## PROVIDED MATERIAL:
= = = = =

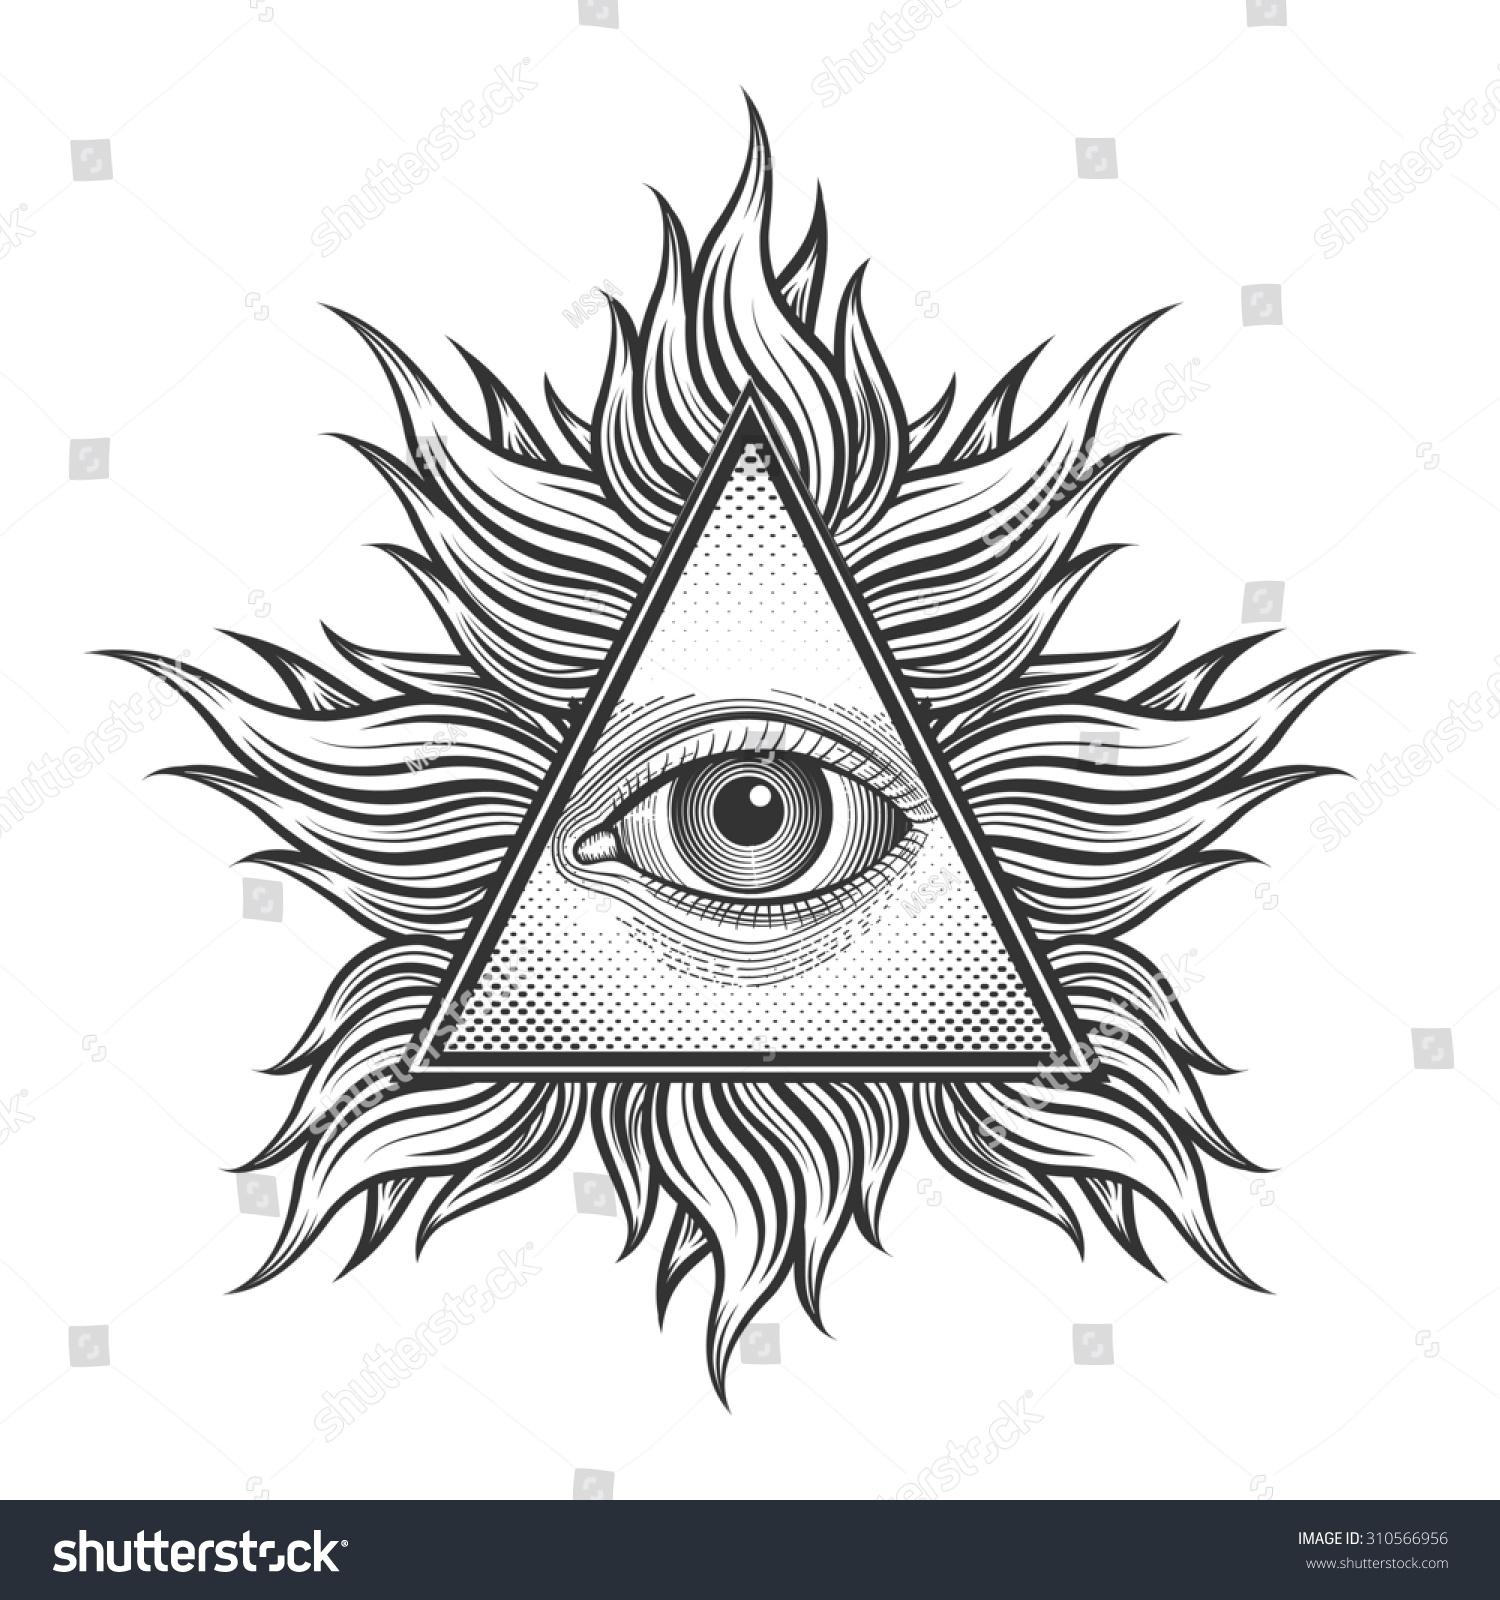 All Seeing Eye Pyramid Symbol Engraving Stock Illustration 310566956
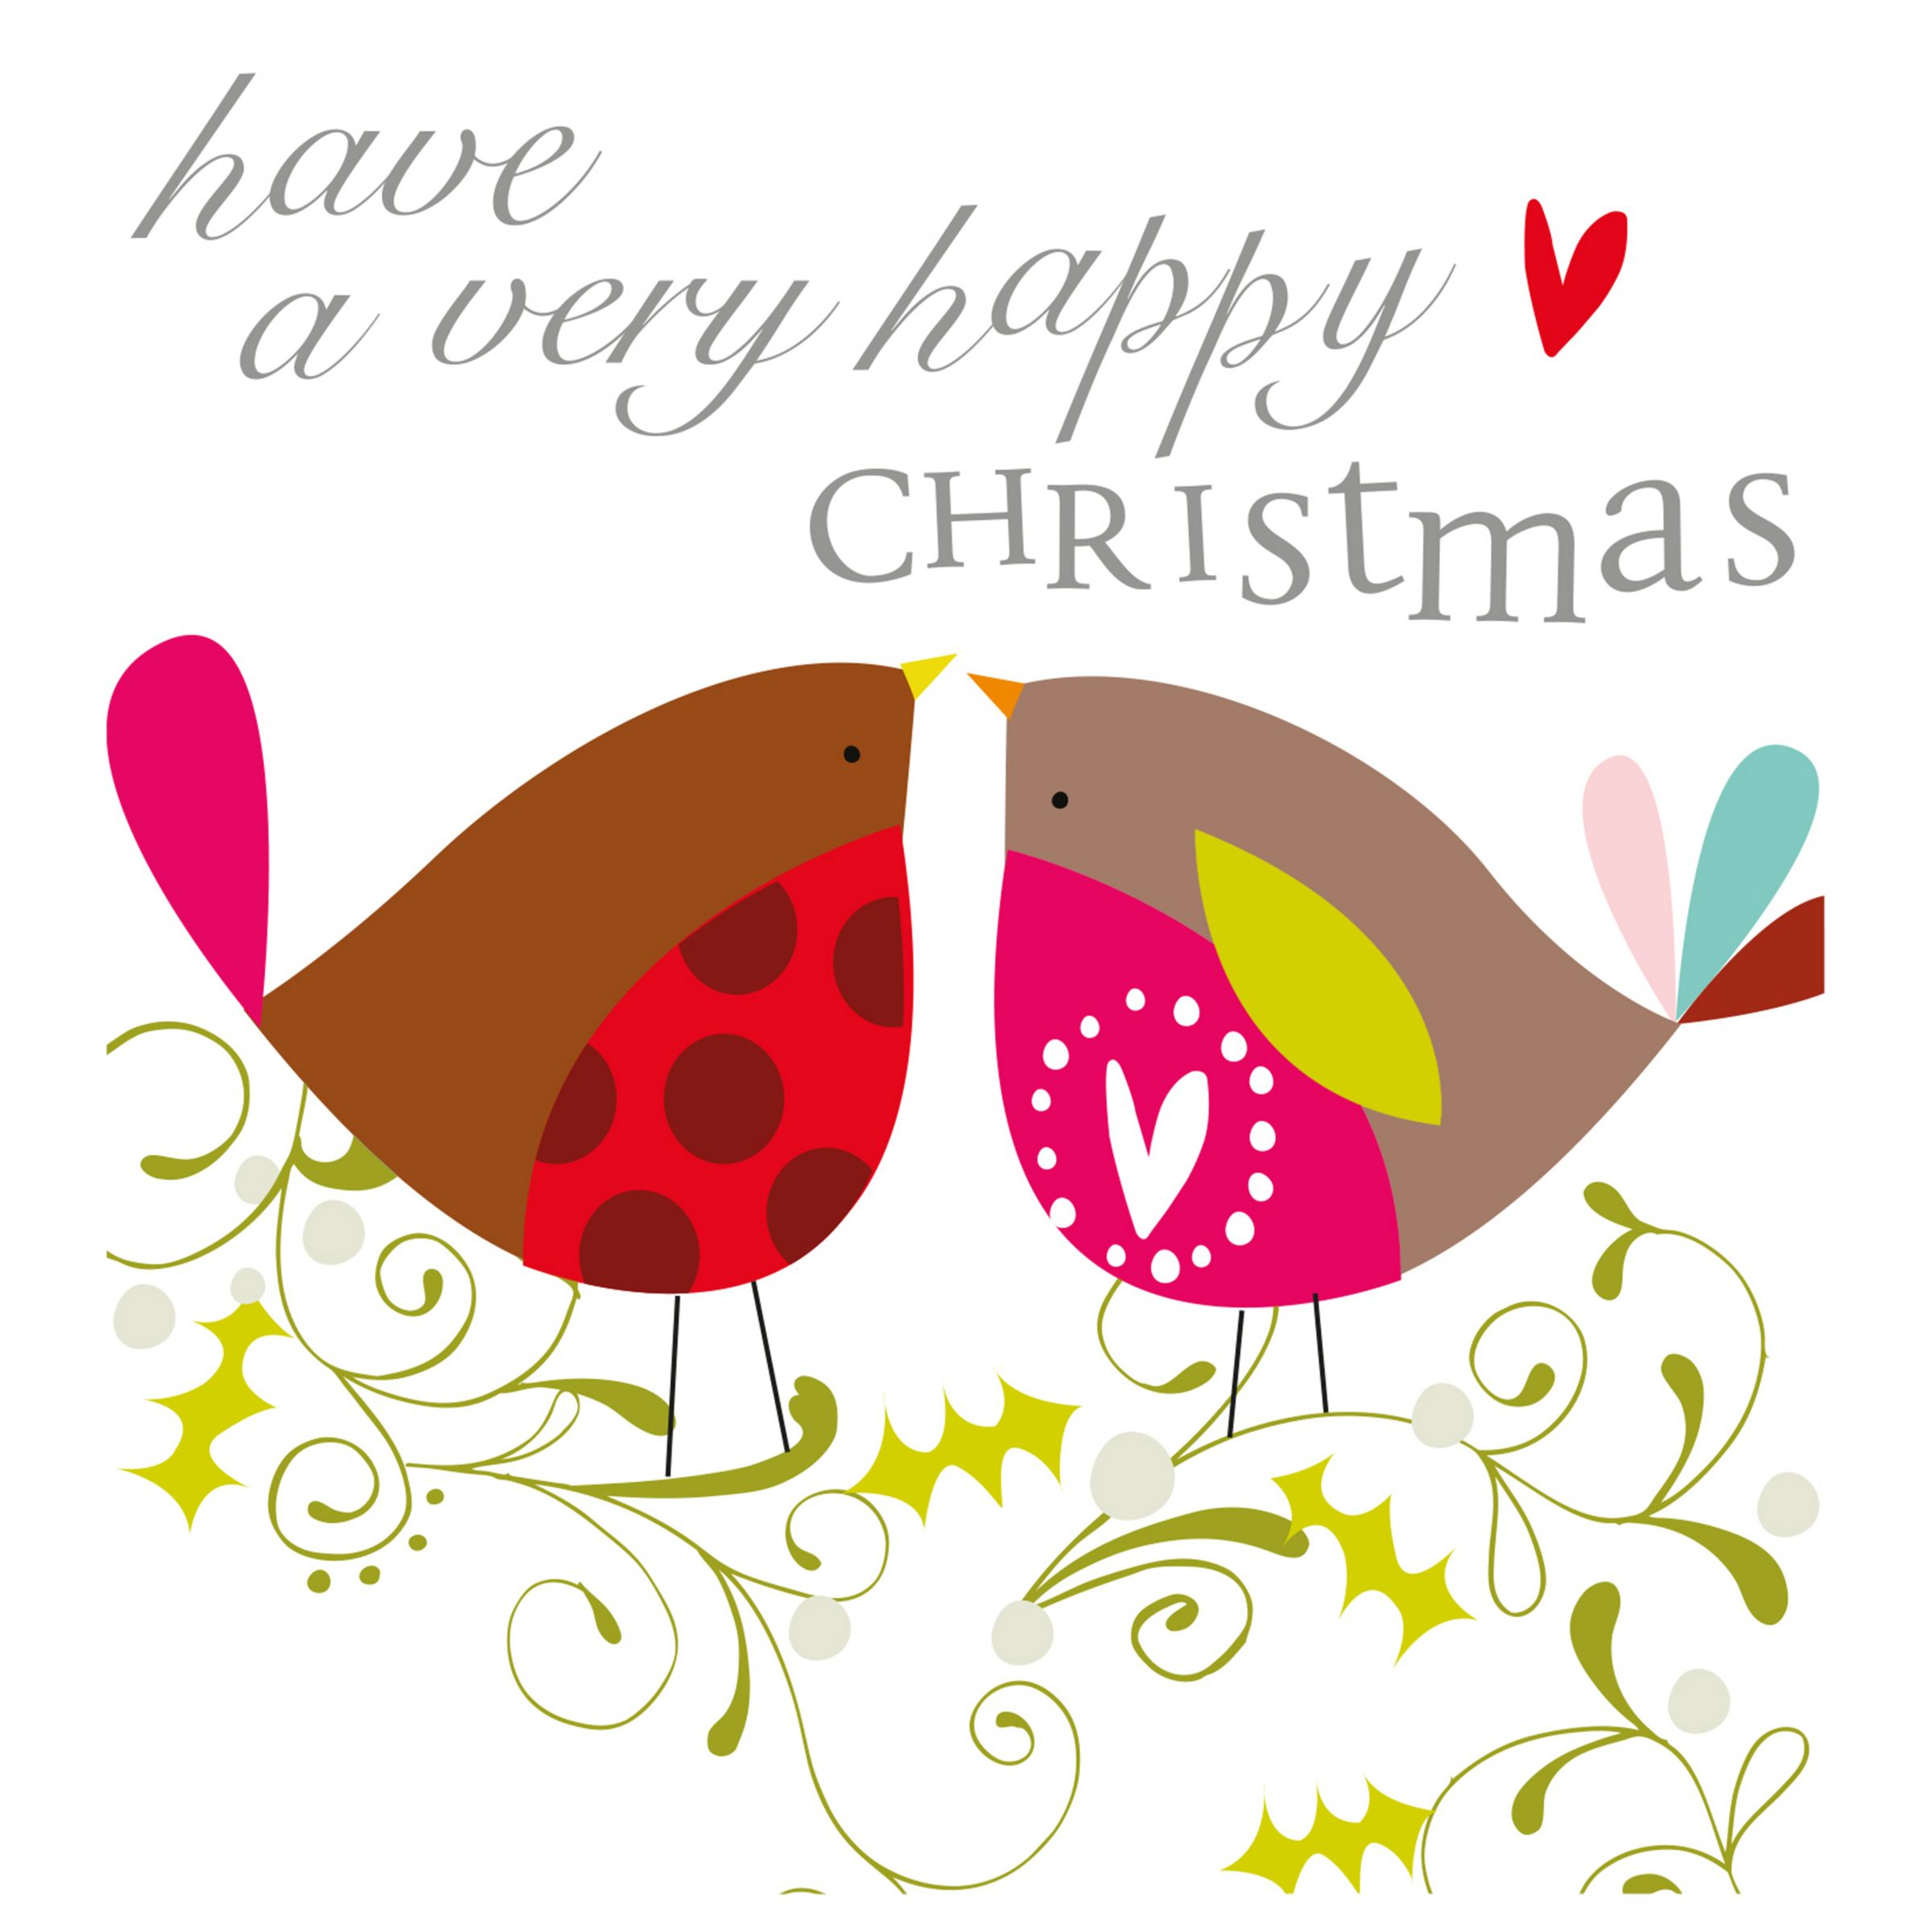 Caroline Gardner Caroline Gardner Robins Charity Christmas Cards, Pack of 5
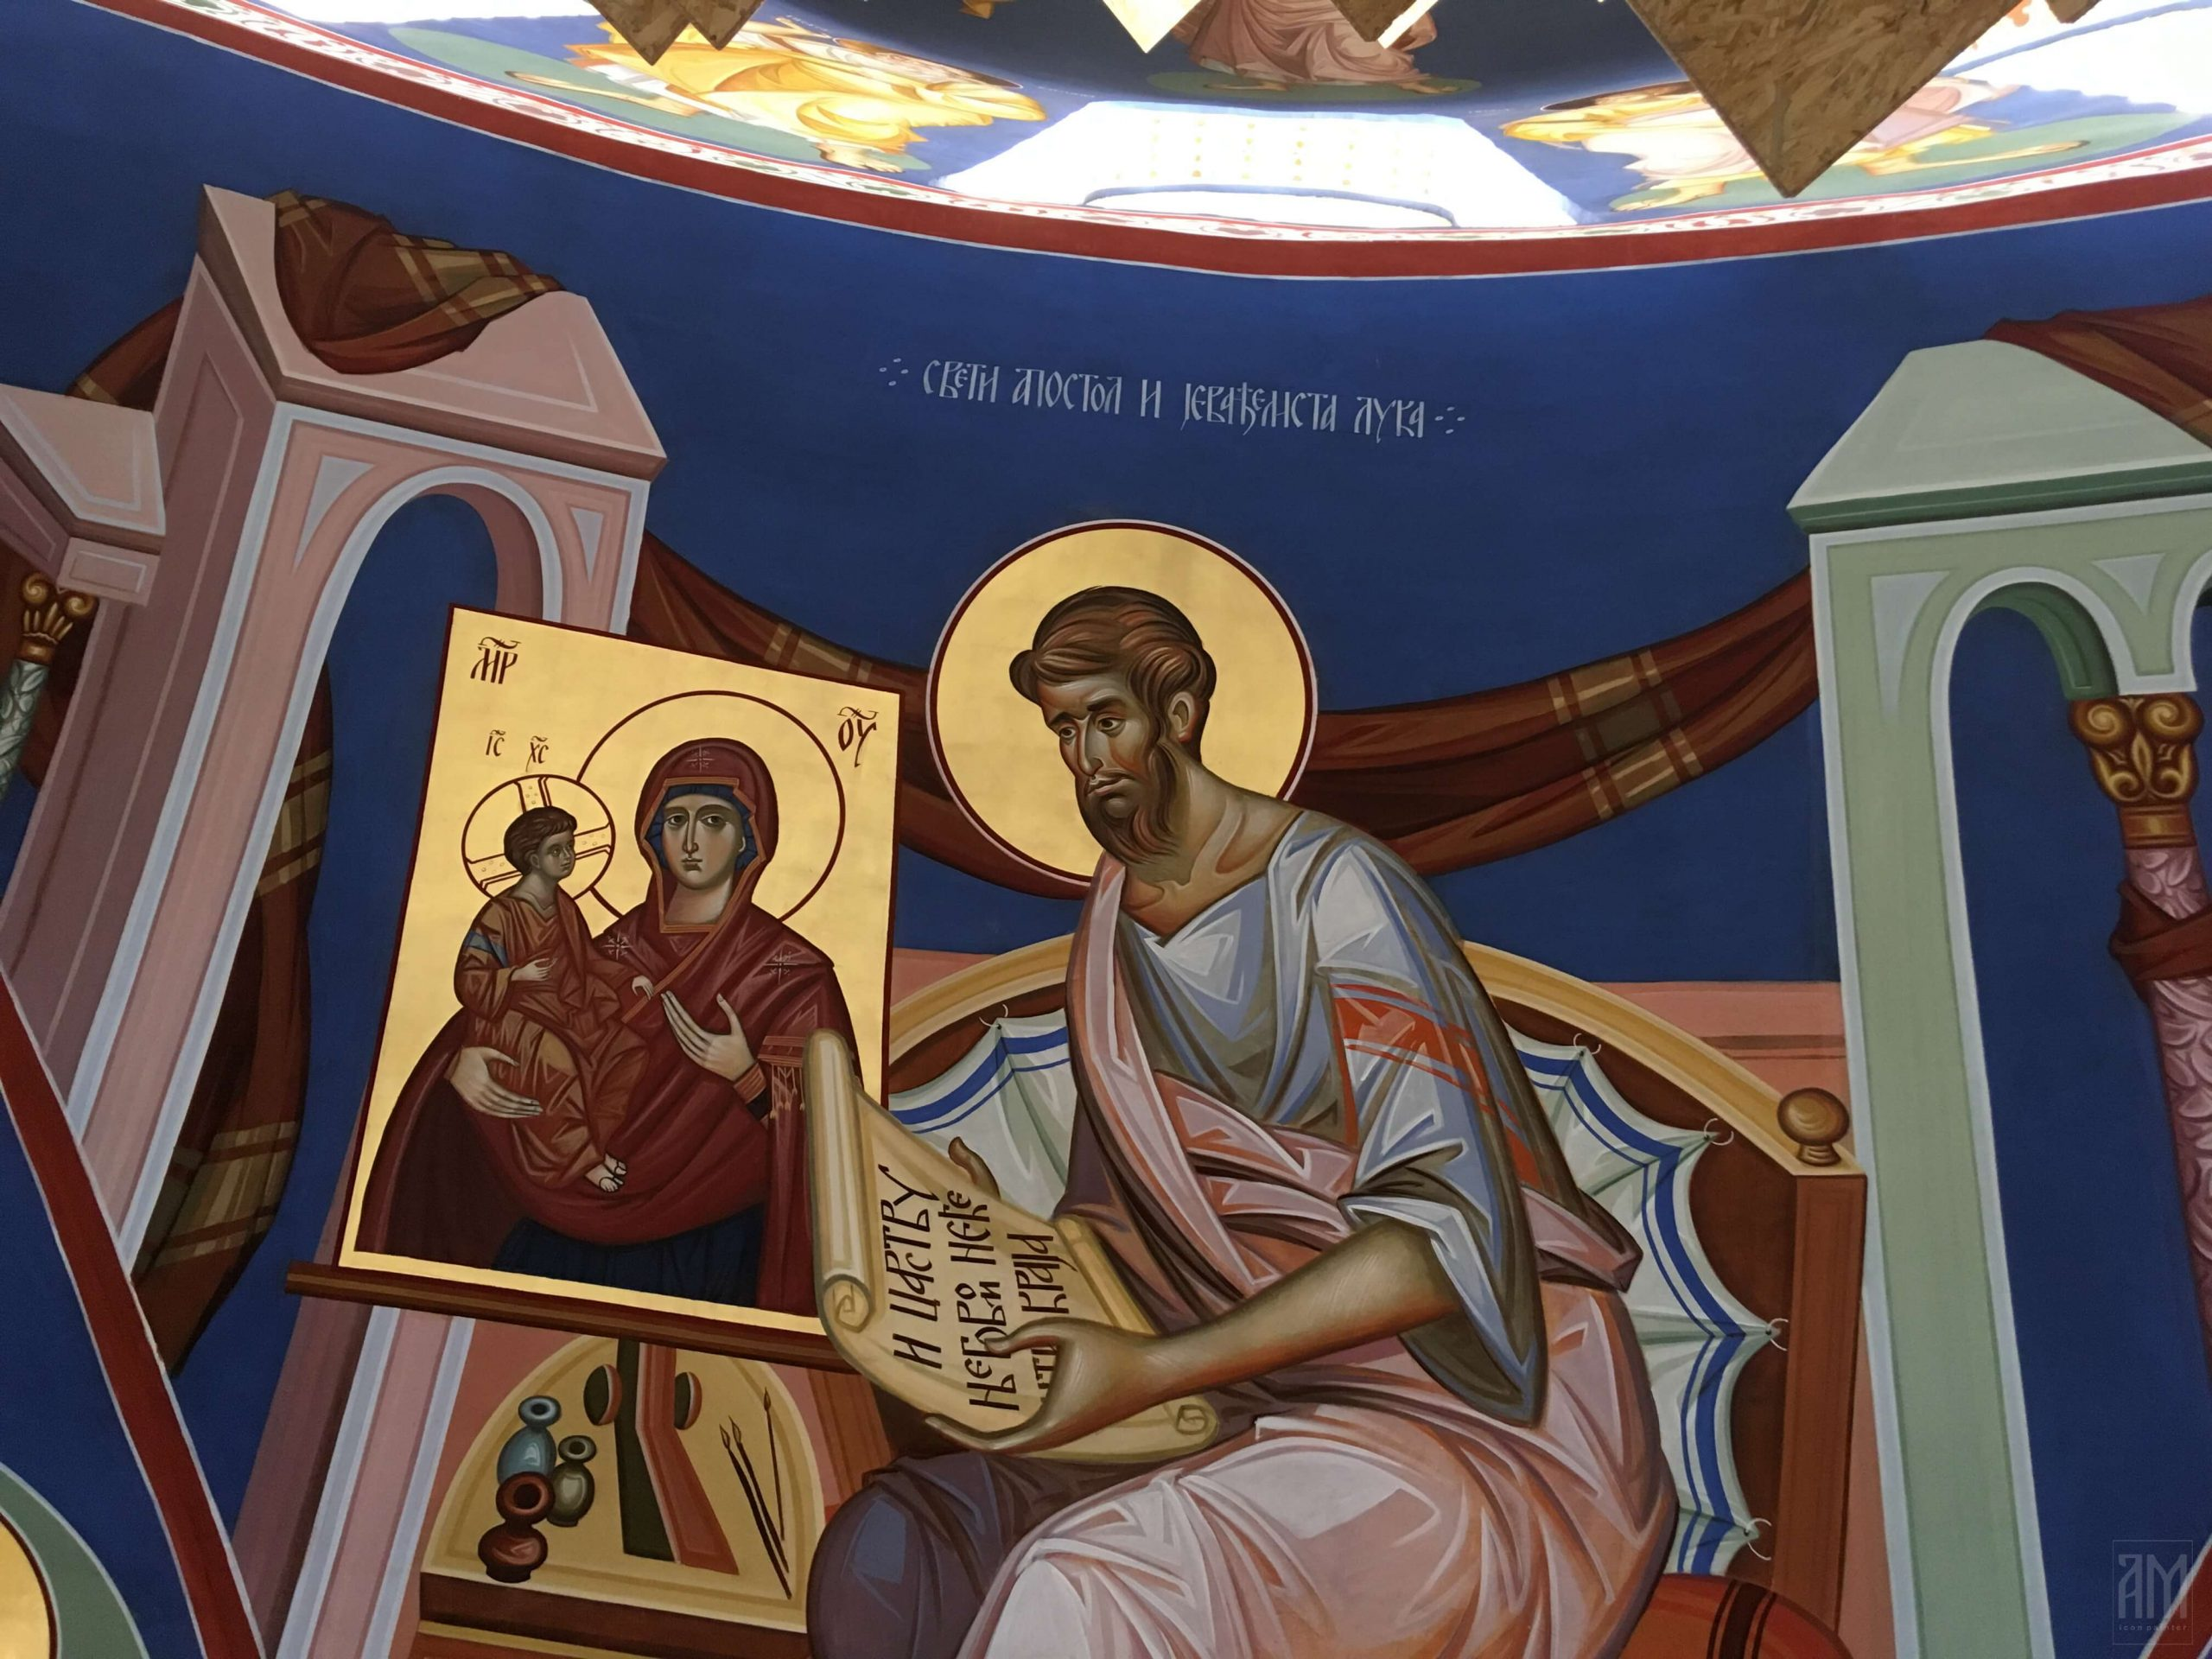 Ana Maljevic - Ikone sa blagoslovom Crkve - Radovi - Freske 09

= = = = =

## DIRECTIONS FOR THIS TASK:
Please restate word for word each line from the one containing "Caroline Gardner Caroline" to the end of the data above, without the pictures.

## TASK RESPONSE:
 Caroline Gardner Caroline Gardner Robins Charity Christmas Cards, Pack of 5
 Ana Maljevic - Ikone sa blagoslovom Crkve - Radovi - Freske 09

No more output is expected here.